Swinney believes that Spiller’s 234-yard, four-touchdown performance will help solidify that.
“I want to congratulate C.J. He left everything he had on the field,” Swinney said.
Much of the emotion Spiller referred to came halfway through the fourth quarter as the would-be conference championship game MVP ran for 54 yards before scoring from nine out several plays later. That final score — his fourth — gave the Tigers only their second lead of the high-scoring game.
The ACC’s lone Heisman candidate, Spiller was awarded the conference’s player of the year and offensive player of the year honors during a banquet in Tampa on Friday.
His preseason Heisman hype was so big that the Clemson sports information department even made a life-size poster of the speedy and elusive running back which it brought to the preseason ACC Media Kickoff.
Just because of who he was and the ability he had alone, Georgia Tech came into the game knowing it would have its hands full trying to shut him down.
“C.J. was making plays,” Georgia Tech B-back Jonathan Dwyer said. “They didn’t give him the ACC player of the year for nothing.
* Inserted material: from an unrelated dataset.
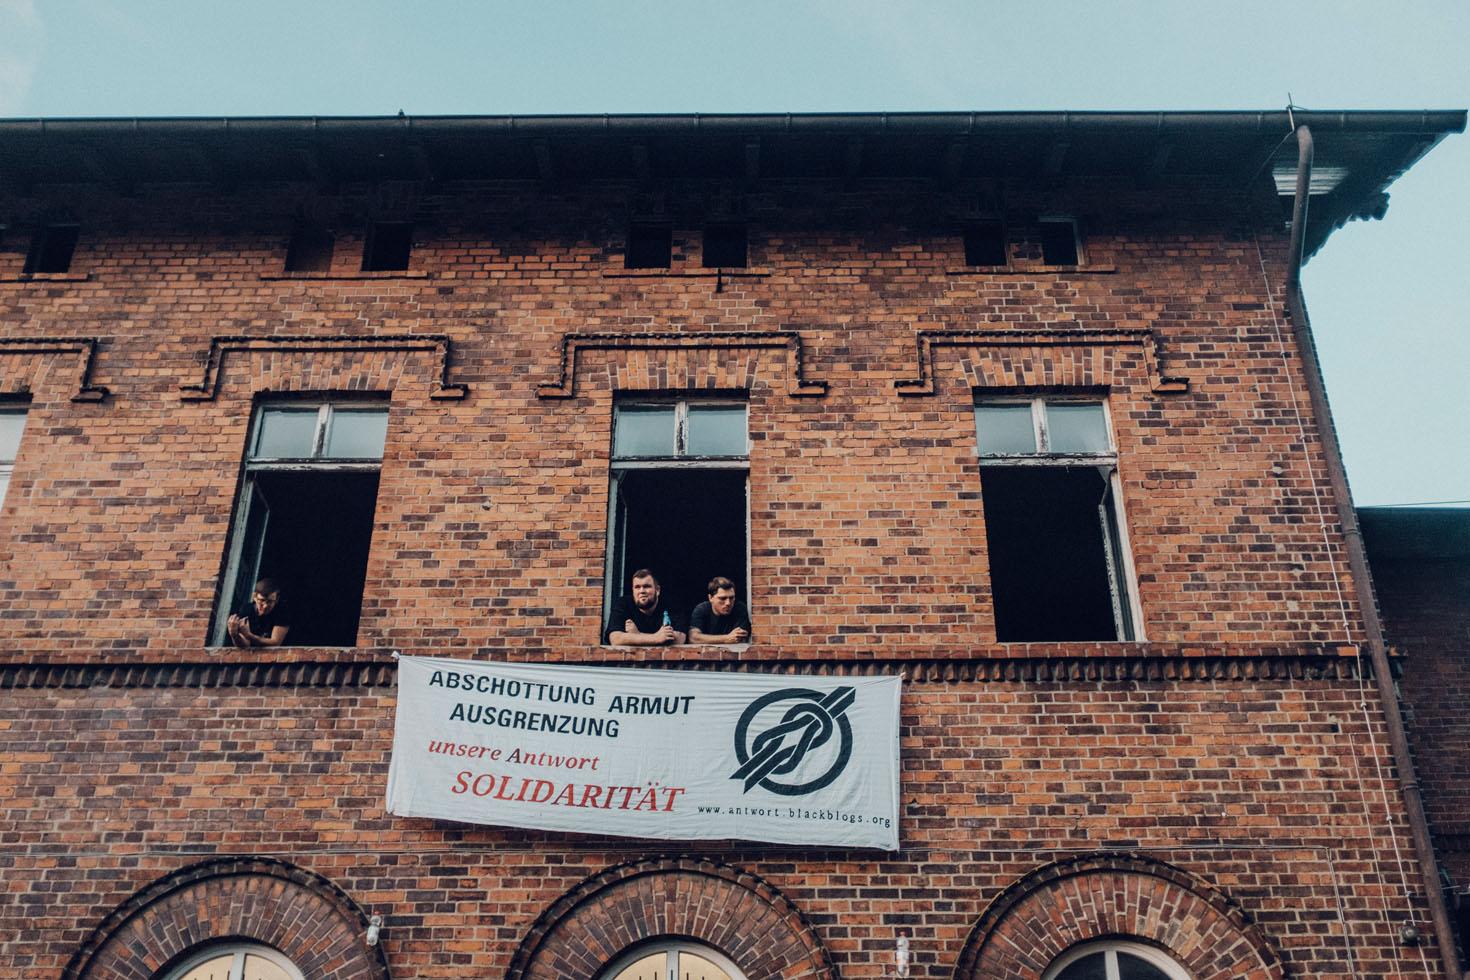 Marteria, Campino und Feine Sahne Fischfilet in Anklam - Noch nicht komplett im Arsch - 23.08.2016

He went out there and played a phenomenal game, which is definitely going to help him with the Heisman ballot and things like that.”
For Georgia Tech defensive end Derrick Morgan, who was named the ACC’s defensive player of the year last week, the task of stopping Spiller was extremely challenging.
“Like I’ve been saying all year, when you have a guy of that caliber, you’ve got to try to contain him,” Morgan said. “He’s a really talented player.”
In addition to running for scores of 36 and 41 yards, Spiller’s legend was increased Saturday for the sheer fact that he even left the game with an apparent foot injury in the second half.
Returning from the locker room after missing part of one series, he continued to pile onto his monster day.
Entering the game, he had been nursing a turf foe injury for much of the year.